Два референдума с различными результатами в течение короткого промежутка времени как будто говорят о психическом состоянии людей и сами за себя - точь-в-точь как в 2001 году дружественная Болгария сначала проголосовала за бывшего монарха-премьера, а через несколько месяцев избрала президентом бывшего коммуниста. Казалось бы - ничего рационального, поведение толпы, недовольной и готовой пойти за радужными обещаниями и медиа-манипуляциями. Но отличий от Болгарии тоже немало, и среди них то, что между двумя референдумами в Украине произошло очень важное событие – попытка переворота 19 августа.
ГКЧП был последней решительной попыткой спасти Союз. Сегодня те, кто плачет по СССР, говорят, что его кто-то преднамеренно развалил. Уважаемые, где вы были 19 августа, когда ваши единомышленники пытались спасти ситуацию, из последних сил хватаясь за последнюю возможность остановить центробежные тенденции? Сколько вас вышло на центральные площади городов, чтобы поддержать спасателей Союза? Ваши оппоненты протестовали, а где же было ваше одобрение? Вы отправляли телеграммы в московскую "Правду"?
В конце августа стало понятно, что СССР в СССР защищать некому. Возможно, украинцы и не знали на сто процентов, чего они хотят, но очень хорошо представляли, чего они НЕ хотят. СССР они не хотели. Следующим шагом было осознание коллективного желания покончить с Союзом, что и подытожил референдум.
Что такое независимость?
Голосование первого декабря основывалось на осознании исчерпанности Союза. Для кого-то это было чистой воды идеализмом, победой мечты над действительностью, проявлением веры в себя, заявлением о себе - мы являемся, мы люди, мы можем! Для кого-то это было четким расчетом - я смогу жить лучше, таким-то и таким-то образом. Кто-то убегал от Союза, как от символа распада и тления, были и такие, которые убегали от реформ, которые, как им казалось, надвигались из Москвы.

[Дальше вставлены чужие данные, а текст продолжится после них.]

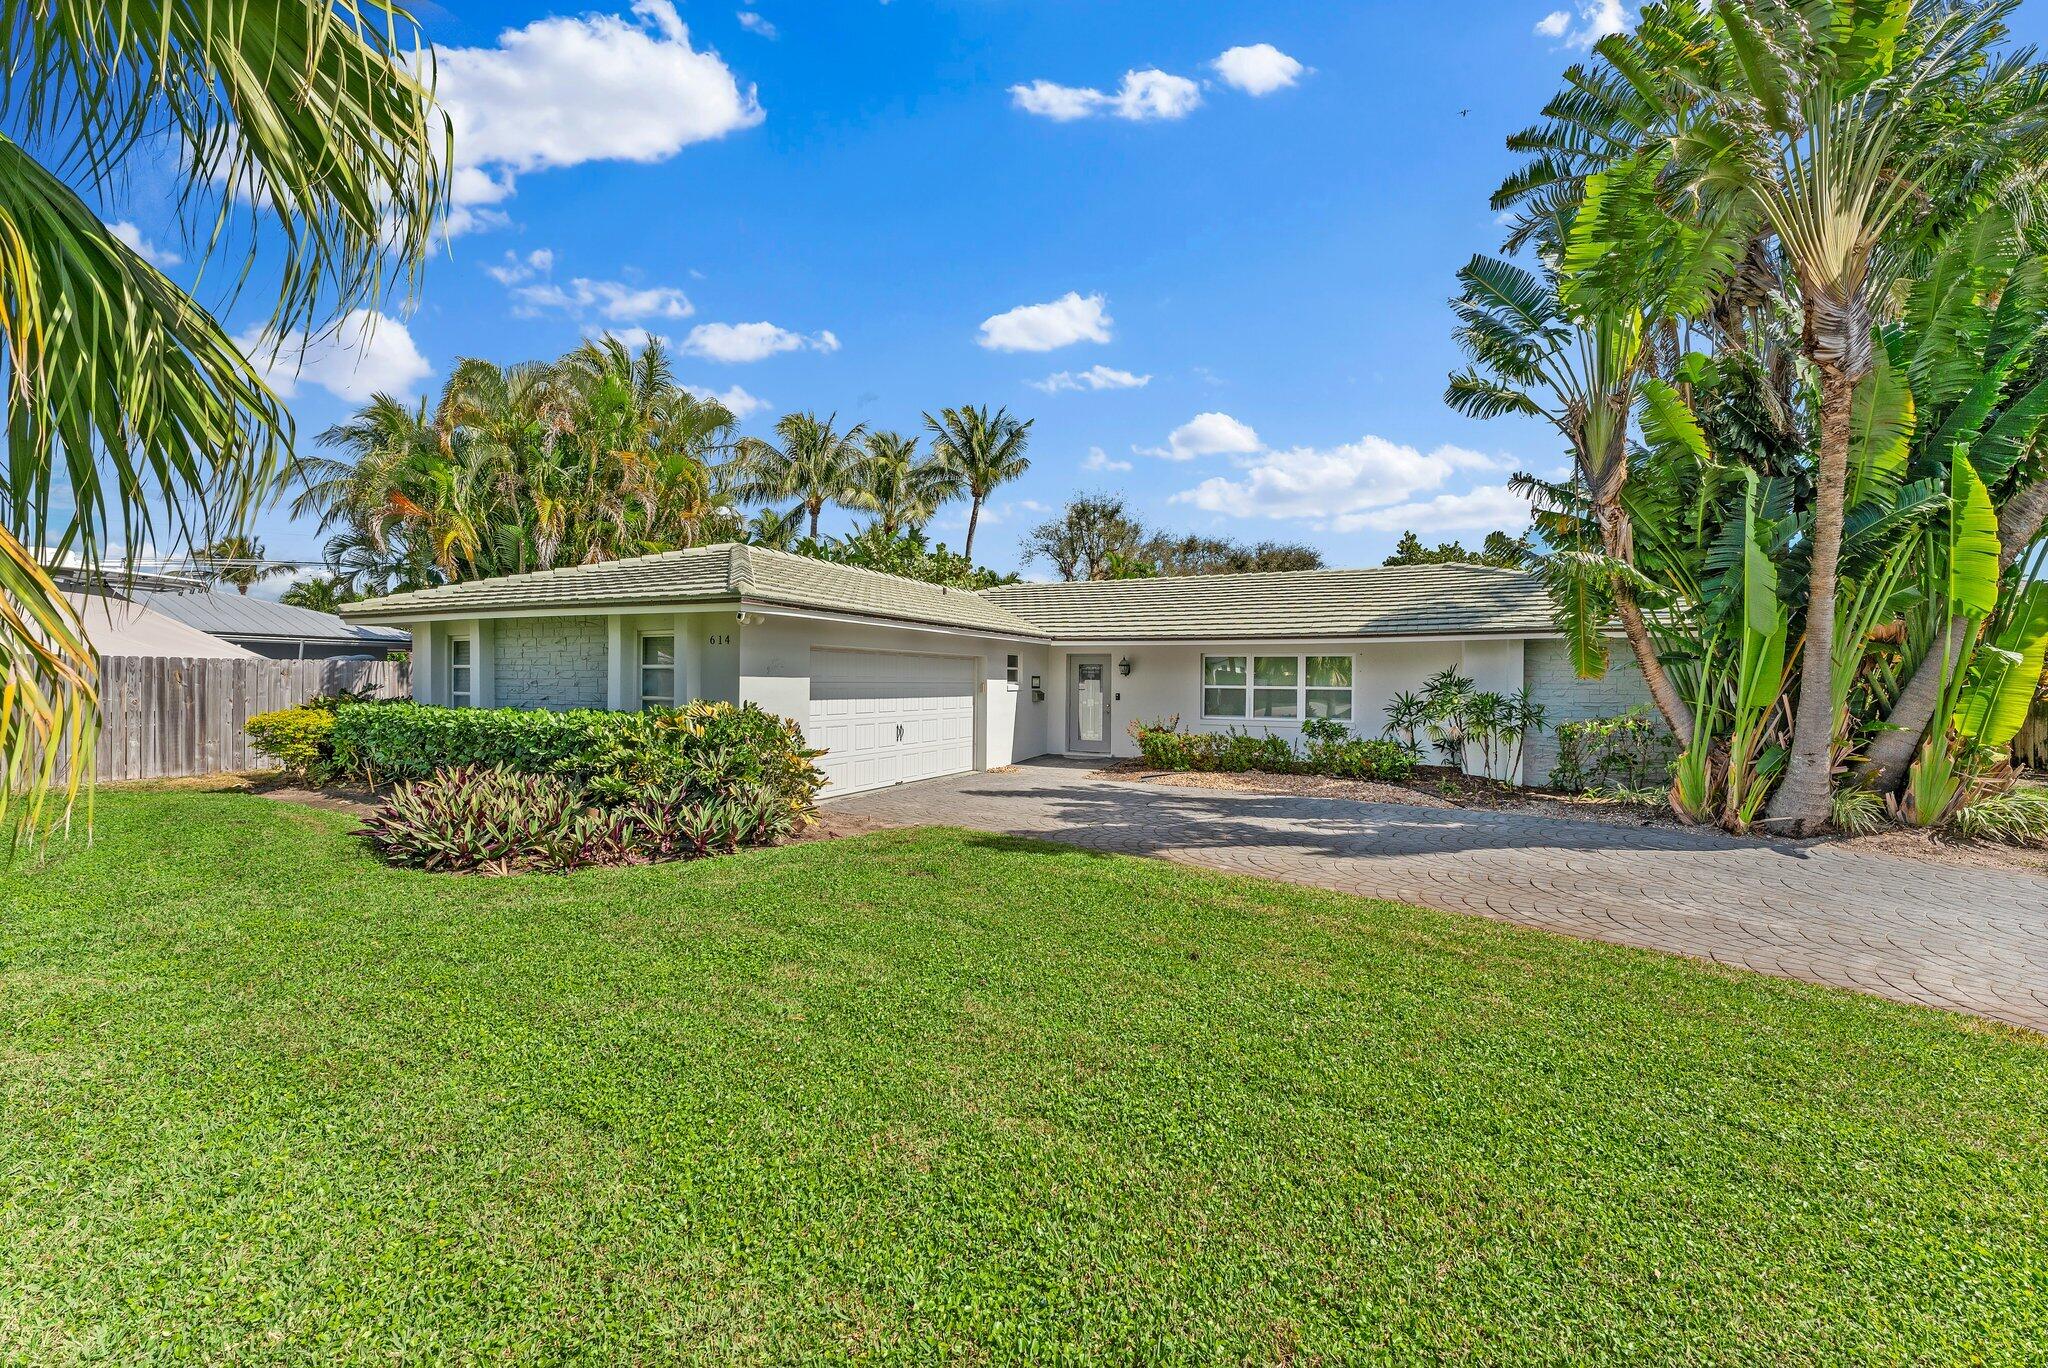 614 Westwind Drive, North Palm Beach, Miami-Dade County, Florida - 3 Bedrooms  
3 Bathrooms -

Но, в любом случае, это был демократический выбор тех немыслимо демократических времен! Сравните перводекабрьский референдум и пародию на референдум 2000 года. Десять лет тому назад у нас было ощущение, что мы делаем историю, а что мы делали на избирательных участках весной 2000-го? Был ли последний президентский референдум воле-проявлением или проявлением бессилия народа?
Украина, которую мы представляли себе 1 декабря 1991 года, и Украина спустя десять лет – отличаются друг от друга. Независимость не похожа на свой вымечтанный образ. Это и не удивительно, ибо каждый представлял независимость по-своему, а результат имеем один на всех. Изменилось и само понимание независимости.

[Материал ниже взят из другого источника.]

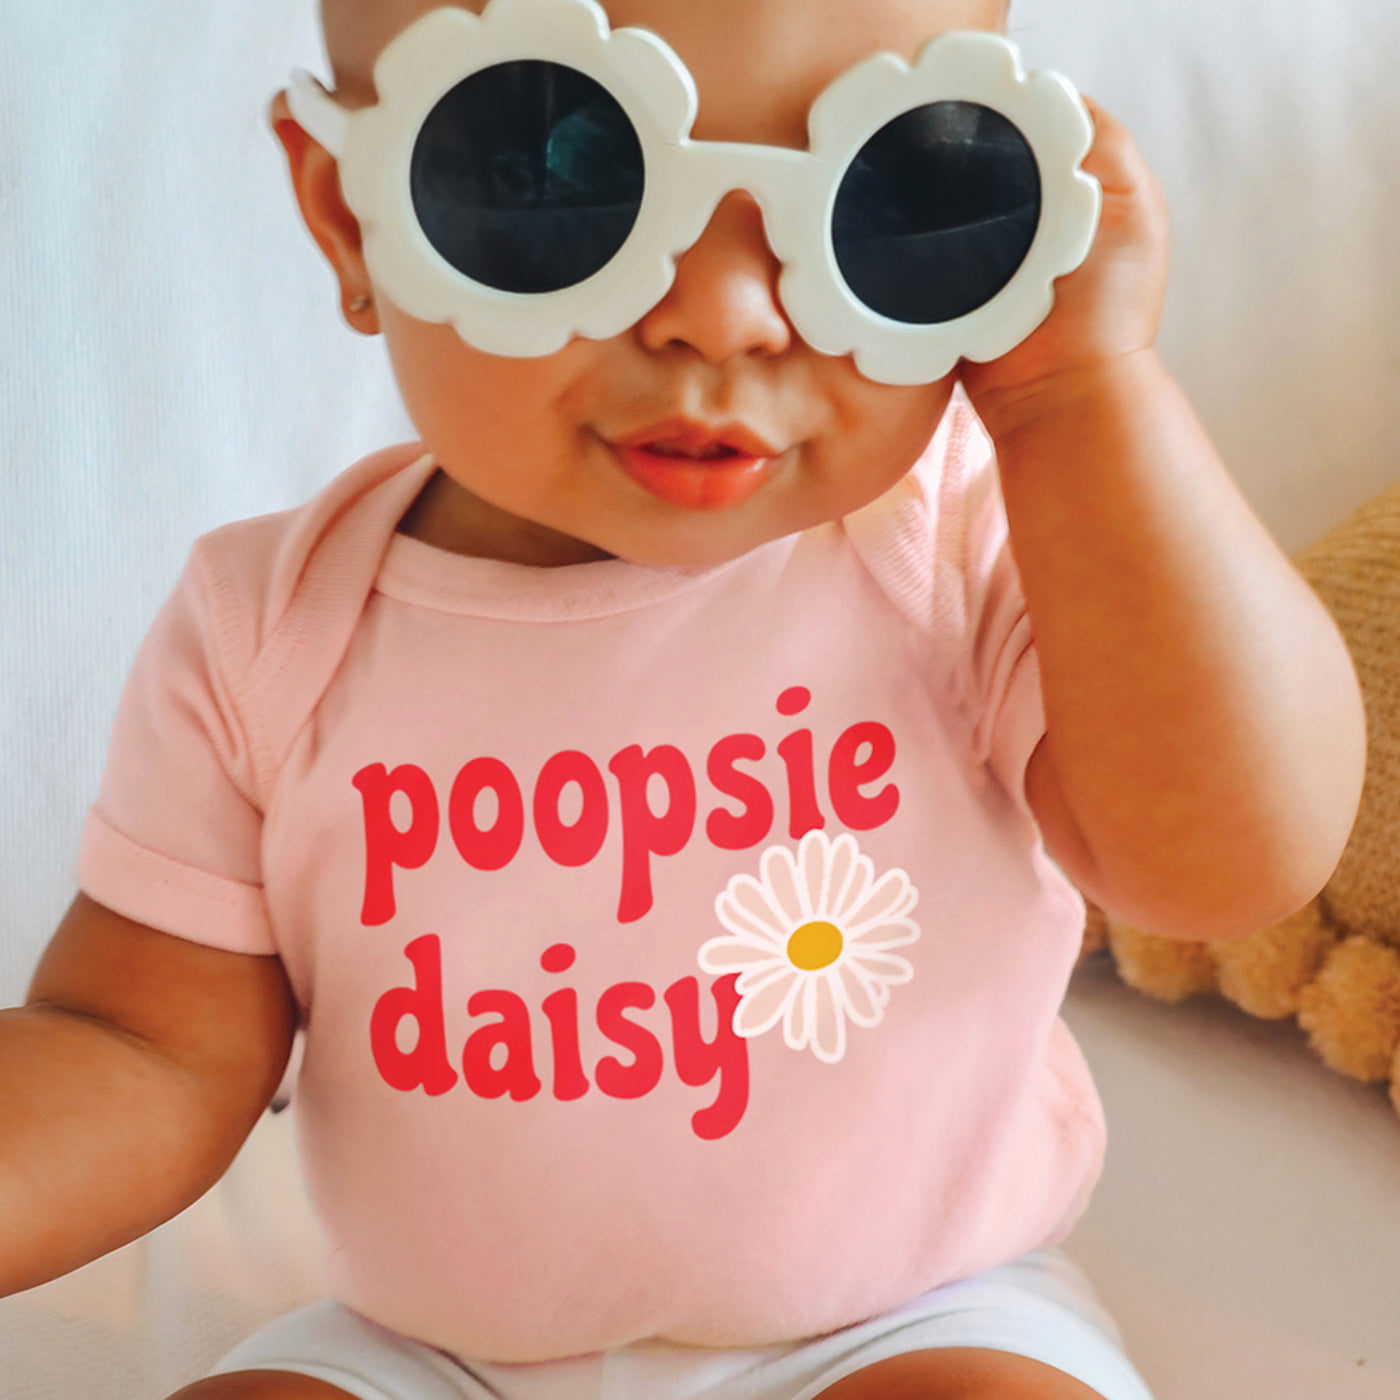 Little baby girl wearing short sleeve peach onesie with pink white and mustard yellow daisy flower and poopsie daisy text print, sitting on couch wearing cute white retro daisy sunglasses and posing

Десять лет тому мы путали независимость со многими вещами. Например, со способностью к сопротивлению. Наша сила оказалась настолько велика, что мы разрушили огромную империю, считали мы. Конечно, мы не могли знать о будущем развитии событий в Афганистане, стране, которая вынудила отступить одну из самых больших армий мира, но так и не смогла выбраться из кровавого месива потрясений и междуусобиц. Способность к сопротивлению отнюдь не означает автоматическую способность устраивать свою жизнь.

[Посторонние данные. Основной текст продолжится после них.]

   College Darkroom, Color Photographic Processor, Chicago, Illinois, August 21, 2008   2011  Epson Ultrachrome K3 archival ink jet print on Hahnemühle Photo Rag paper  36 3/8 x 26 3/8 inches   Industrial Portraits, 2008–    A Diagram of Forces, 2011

Наша сила, наивно думали мы, поднимет нас на один уровень с Германией, Англией и Францией. Независимость мы принимали за равенство. Сейчас мы понемногу привыкаем к мысли, что нам нужно равняться на поляков, и понемногу забываем о том, как они к нам ездили в конце 1980-х за кипятильниками и носками. Равенство с россиянами, якобы очевидное в 1991 году, теперь находится под вопросом для многих в Украине; за пределами Украины вопросов на этот счет намного меньше. Равенство с Америкой на повестке дня возникает не часто - мы тут не равными хотим быть, а желаем подчиняться.
Были и до сих пор есть люди, которые очень удобно стали путать государственную независимость с собственной неподотчетностью. Стало возможным присвоение фабрик, которые принадлежали раньше всем. Стали возможными заказные убийства без опасений наказания. Многие люди стали независимыми от морали, закона, общественного мнения, и это, наверное, и есть наиболее уродливое и общественно-опасное понимание независимости.
Фактически, это наследование линии поведения некоторых крестьян, которые перебирались из сельского мирка в большой эмансипированный город: они обретали большую независимость за пределами узкого круга деревенских соседей и родственников, однако понимали ее как вседозволенность, превращаясь в малоприятных субъектов. Так и сейчас, приобретя независимость, кое-кто решил, что достоинство навеки осталось погребенным под обломками Союза.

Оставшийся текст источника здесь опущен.